- Penceilogi Location within Carmarthenshire
- Principal area: Carmarthenshire;
- Country: Wales
- Sovereign state: United Kingdom
- Police: Dyfed-Powys
- Fire: Mid and West Wales
- Ambulance: Welsh

= Penceilogi =

Village in Carmarthenshire, Wales

Penceilogi (standard Penceiliogi or historically Pen-ceiliogi) is a small village on the northern outskirts of Llanelli, Carmarthenshire, Wales. It is bordered by Bryn to the east, Dafen to the north-west, Pemberton to the west and Cwmcarnhywel to the south. Administratively it lies within the community of Llanelli Rural and occupies the spur between the Dafen and Cwm Carnhywel valleys, its streets stepping up from about 40 m to 90 m above sea level on the flanks of Bryn hill. The built-up area merges westwards into Pemberton and eastwards into Bryn, while minor lanes give south-facing views towards the Burry Inlet. Llanelli Rural as a whole recorded 23,058 residents at the 2021 census, making it the most populous rural community in Wales and the largest population cluster outside the town's historic borough limits.

The modern settlement is almost entirely twentieth- and twenty-first-century housing. Early expansion came with inter-war council cottages on Gors Fach and Bryncoch Road, but the decisive change was the post-2000 allocation of several large green-field sites in the county's Local Development Plan. A 14.5-acre parcel at Llys y Bryn (site GA2/h56) was reserved for up to 145 dwellings, while the adjacent plateau at Y Waun secured outline permission in 2013 for 26 bungalows and, in 2021, for a mixed scheme of up to 202 homes with landscaped open space and sustainable-drainage features. The council's 2024 evidence to the revised LDP notes that the Y Waun project will be accessed off Nant-y-Gro, is within walking distance of frequent bus routes 110/111 to Swansea and Llanelli town centre, and is expected to deliver the policy requirement of twenty-five per cent affordable units.

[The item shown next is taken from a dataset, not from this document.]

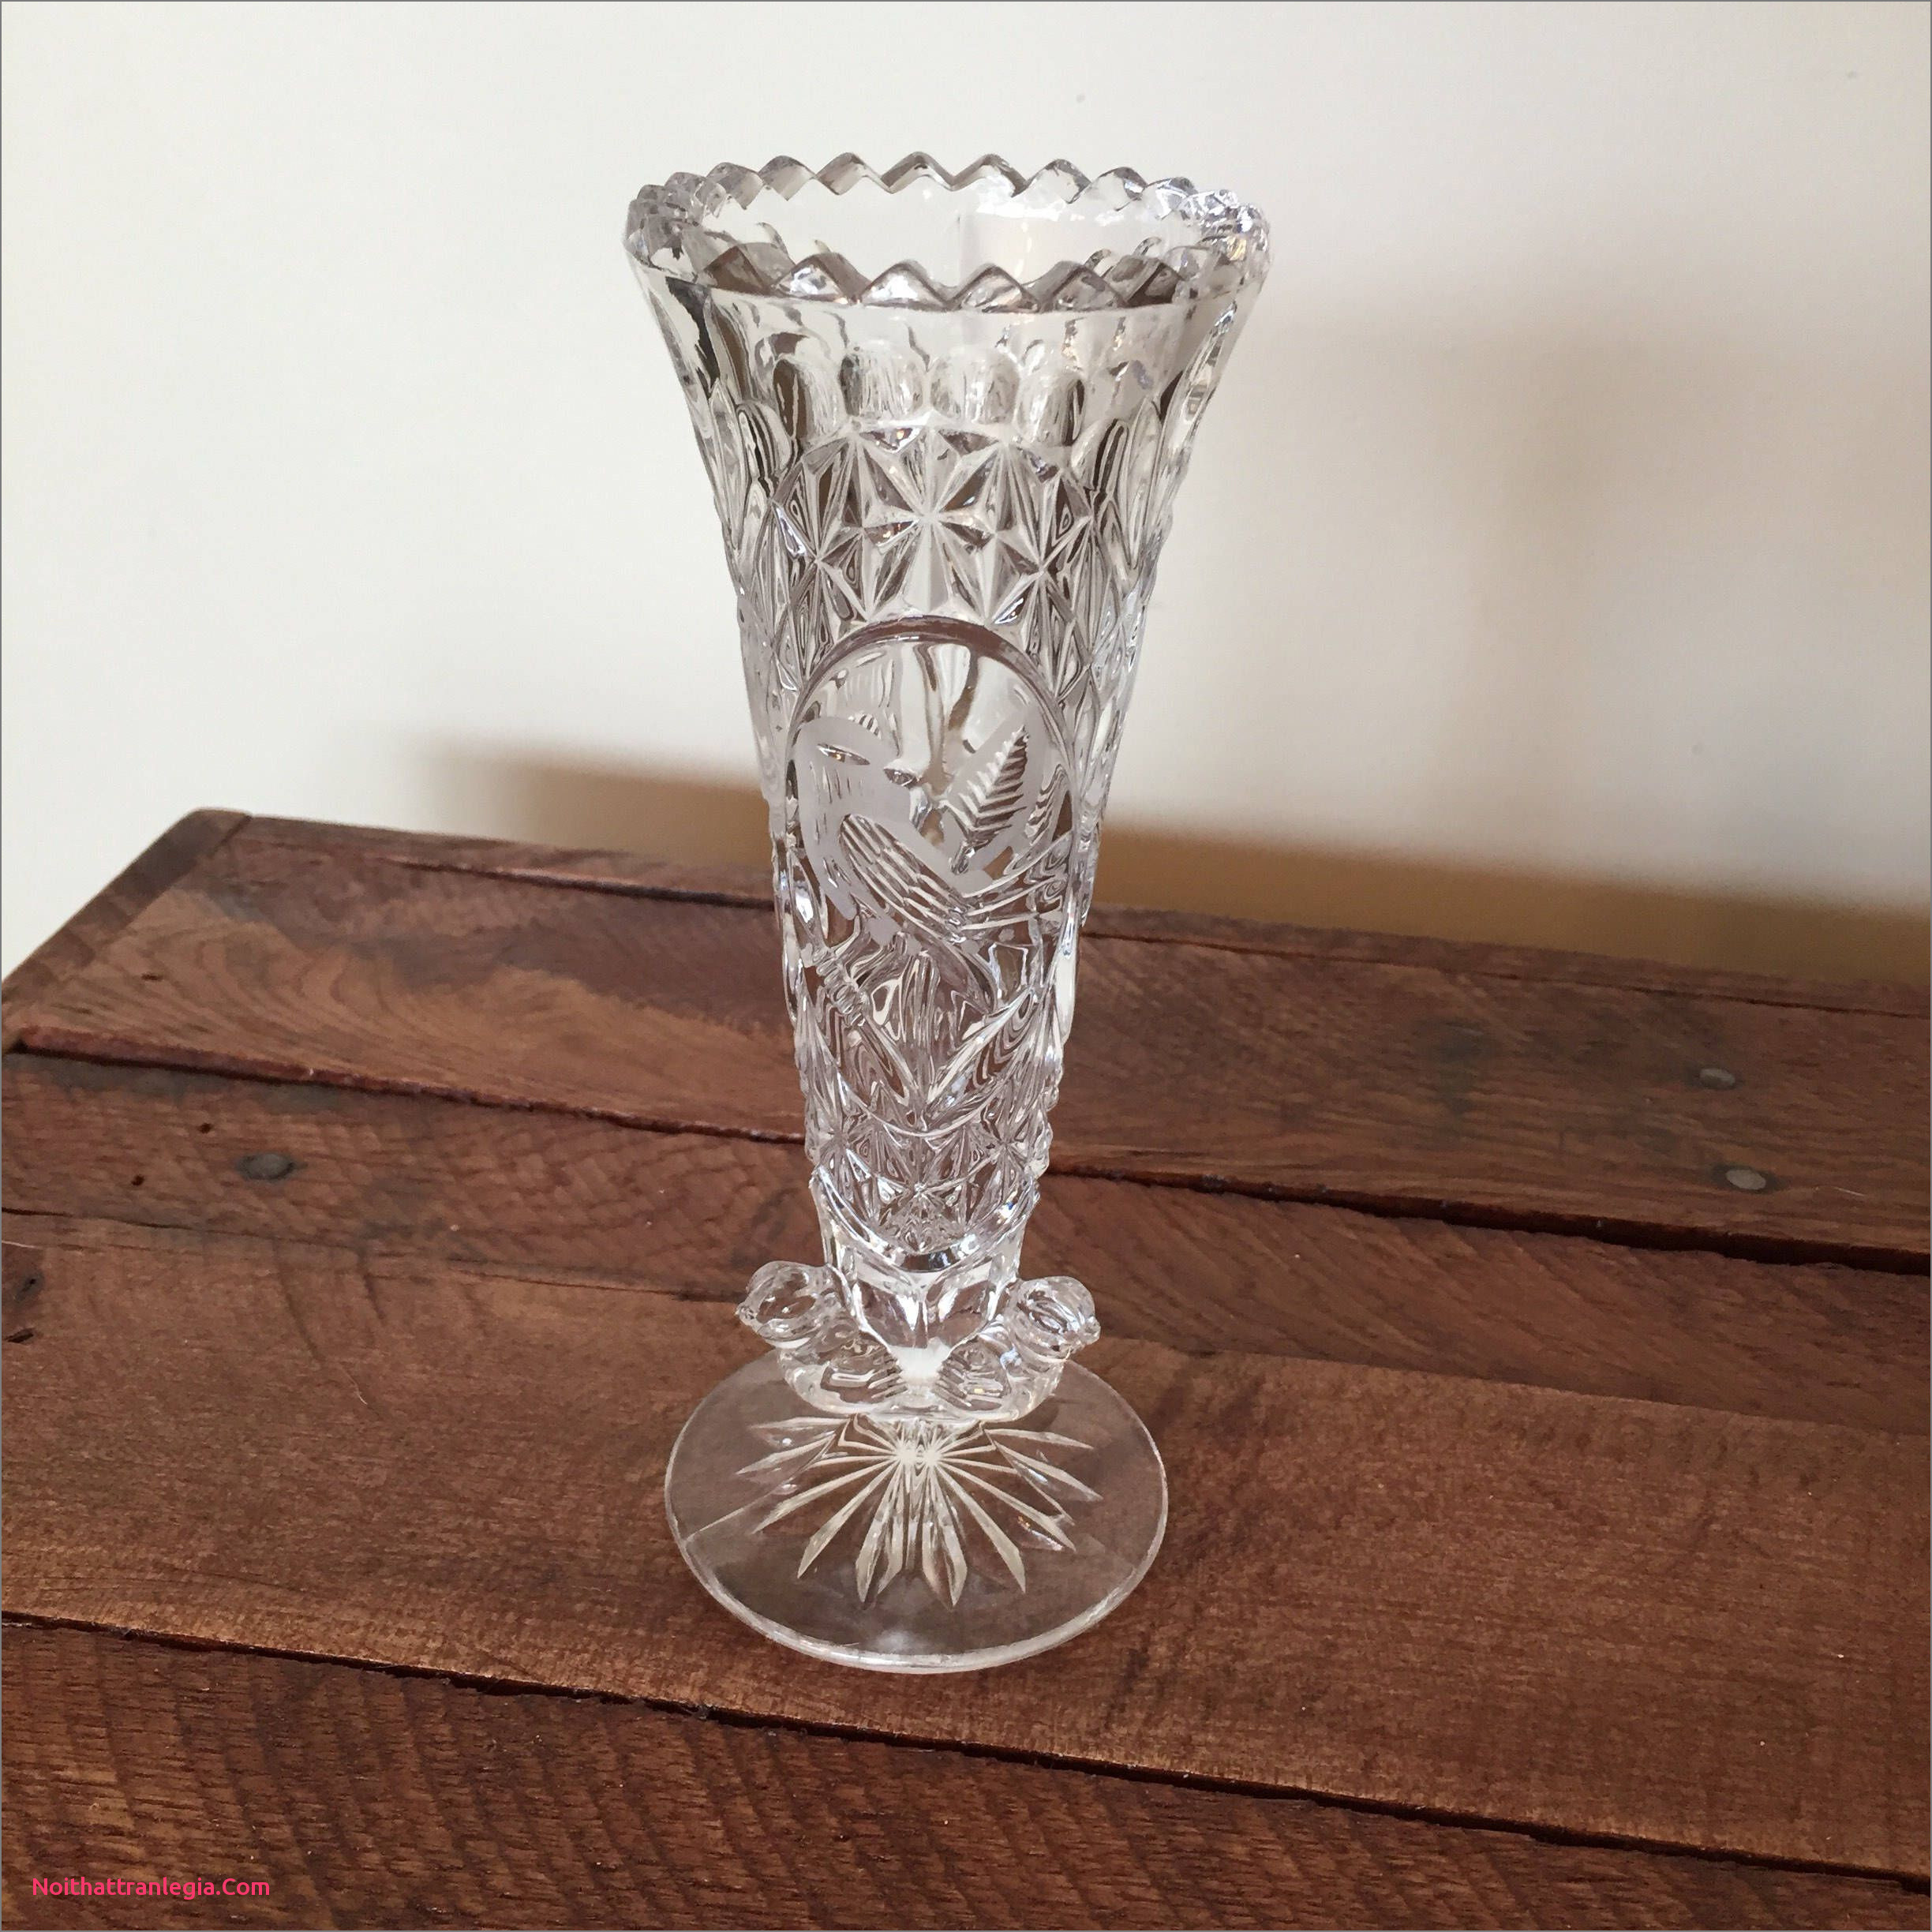 Miniature Glass Flower Vases Of 20 Cut Glass Antique Vase Noithattranlegia Vases Design Throughout Vintage Cut Glass Bird Vase Etched Glass Vase Three Glass Birds Perched On Vase Crystal Bird

Local services remain limited. Primary education is provided a little under 1 km east at Bryn C.P. School on Gelli Road; an Estyn monitoring visit in October 2021 judged the school to have made "sufficient progress" and removed it from special-measures status. Small convenience shops cluster on the Bryn–Penceilogi ridge, but most residents rely on the retail park and railway station at Bynea or the shopping streets of central Llanelli 3 km to the south-west. Footpaths and cycle routes link the estate roads to the wooded valley of Nant Cwm-y-Glo, now designated informal open space within the wider Cwm y Nant strategic growth zone.